Most major firms in NYC either own or have a preferred lender. Consumers have many options. I know several really good mortgage brokers that I can recommend but our Wells mortgage banker can get a client a commitment in 24 hours guaranteeing the funds at closing. I would be remiss if I didn't recommend them.

7:33pm • #47
I don't think the affiliated businesses are necessarily any better or worse for my Buying clients. But I do know they have to overcome a lot of suspicion that there is something going on behind the scenes and not everything is being disclosed. That is MY suspicion as an agent.
7:44pm • #48
2 Featured Posts
Thank you Mitchell, I appreciate you sharing a positive experience with an affiliated mortgage company.  Wells Fargo has been a great partner for Prosperity Mortgage.  When agents talk about products and pricing not being competitive with other lenders, much of that is because Wells Fargo has been far more conservative in the types of loans they will underwrite than some of their competitors who are now out of busineess or in deep financial trouble.  Prosperity Mortgage consistently delivers the loan the day of closing.  That has to count for something.
7:51pm • #49
2 Featured Posts

I think your suspicion is shared by many Sarah, but I don't believe it's founded.  It's just a perception.  Many other types of companies diversify their services in order to stay viable.  But those other corporations are not staffed with independent contractors the way real estate brokerages are.  I think expanding beyond the core service of real estate into other services does make agents leary, but it's becoming increasingly important to do that for the financial health of the brokerage.  It's not consumers that have a problem with this arrangement.  It's agents.  And how do you overcome that? 

7:58pm • #50
534,747 Points 45 Featured Posts Outside Blog
I've always felt that my clients are entitled to the Very Best in every aspect of the real estate transaction. If an affiliated company is truly the best (service, price, etc) then I recommend them. If they aren't, I don't.
7:59pm • #51
2 Featured Posts

And Sharon that is a great way to do business and stay in business.  I think Wes Foster is only asking his agents not to turn away from the affiliated mortgage company simply because of that affiliation.  That is putting up a wall that isn't benefitting anyone.  Evaluate the individual loan officers and the underwriting process on their own merits and quit looking at the label!

8:03pm • #52
244,755 Points 3 Featured Posts Outside Blog

Catherine,

Companies that have affiliate relationships like this, in-house lender in this case, of course are looking after themselves first. The product they offer could be comparable to outside products, but it often is more expensive. Consumers would be better off at least initially to shop around.

8:32pm • #53
2 Featured Posts
Well Esko, this comes back to my initial question of mutual exclusivity between the interests of clients vs. the company.  You seem to be falling on the side of "company benefit" at the "expense" of clients.  I agree that a cheaper product can always be found.  I would point out that a cheaper agent can always be found as well.  "Value" isn't the same thing as price.  Many buyers are shopping their loans online.  They might find a cheaper product, but where's the value if it doesn't fund the day of closing?  I do take your point about the benefit of comparison shopping, but consumers need to compare apples to apples.
8:42pm • #54
232,037 Points 39 Featured Posts Outside Blog
I think affiliated services should offer something more.  They should beat the best other offer.
10:11pm • #55
5 Featured Posts

I agree Ardell...If you are going to recommend someone they should be best in class.

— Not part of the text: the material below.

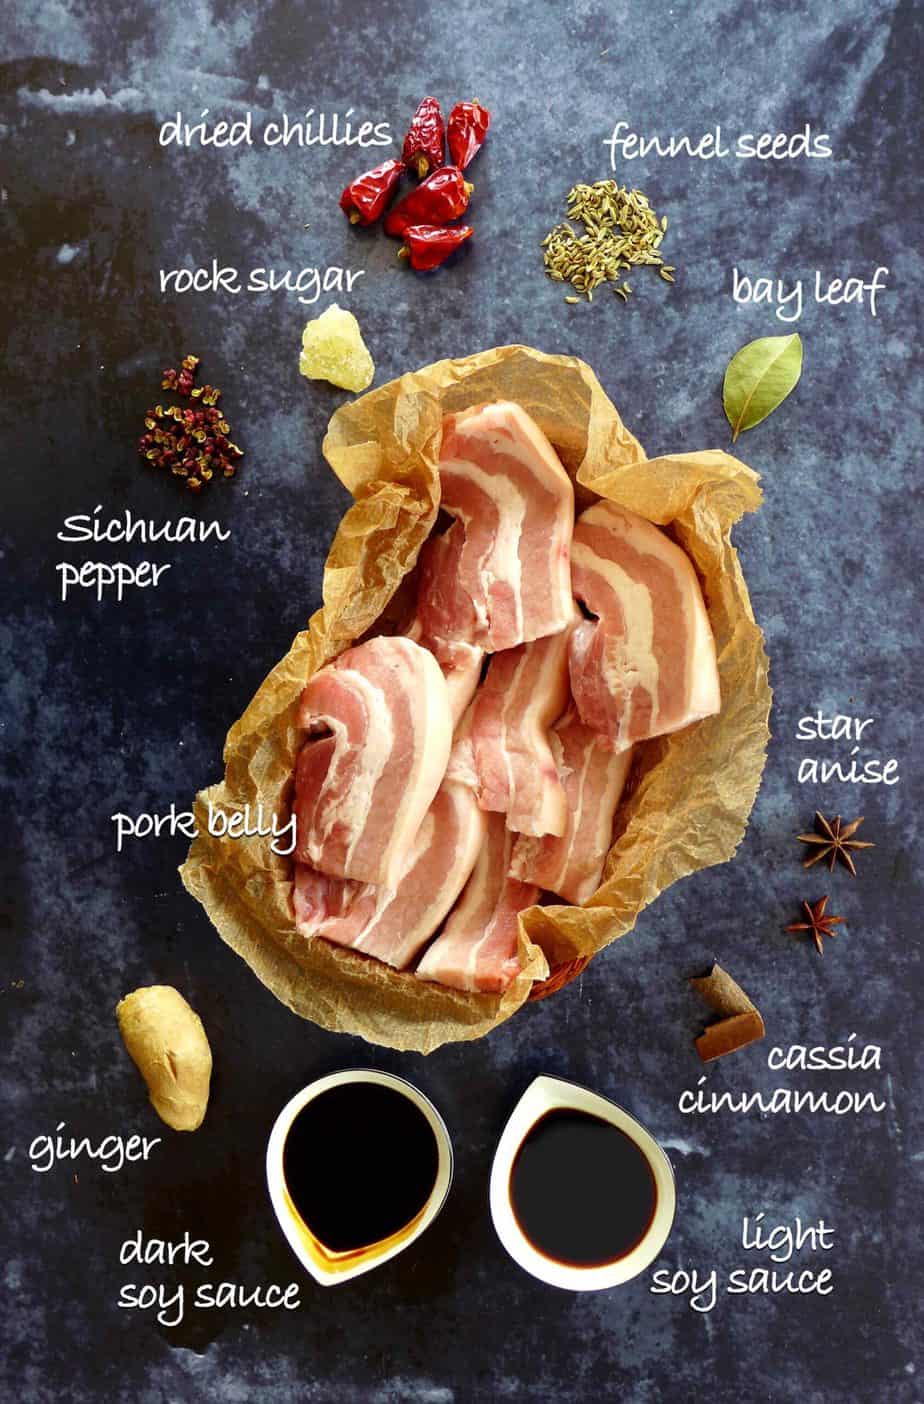 Ingredients for braising pork belly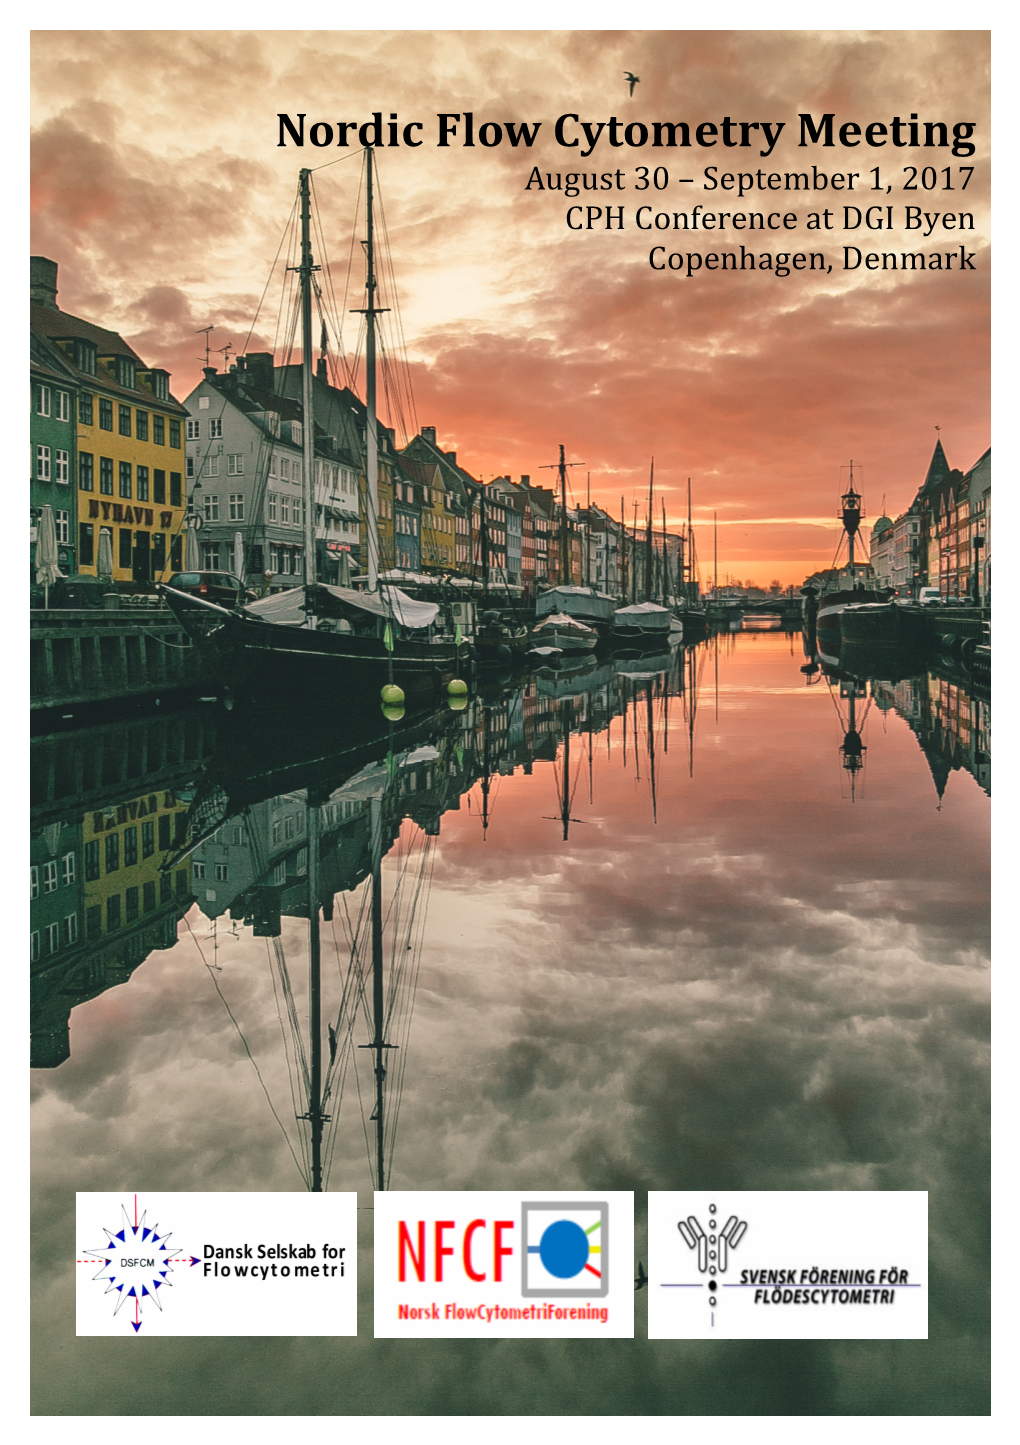 Nordic Flow Cytometry Meeting August 30 – September 1, 2017 CPH Conference at DGI Byen Copenhagen, Denmark

But what it really comes down to is relationships with the lenders.  You are not going to break the trust you have with a lender and immediately run to our in house, because he asked.  He is asking you to give them a chance. (and asking and asking)  I have used Prosperity multiple times, but I have not always used the same in house Loan Officer...why?  Not because the product was bad, but the service was bad from the loan officer.  My reputation is on the line when someone asks me for a recommendation, so it's the personal service I recommend not just the company.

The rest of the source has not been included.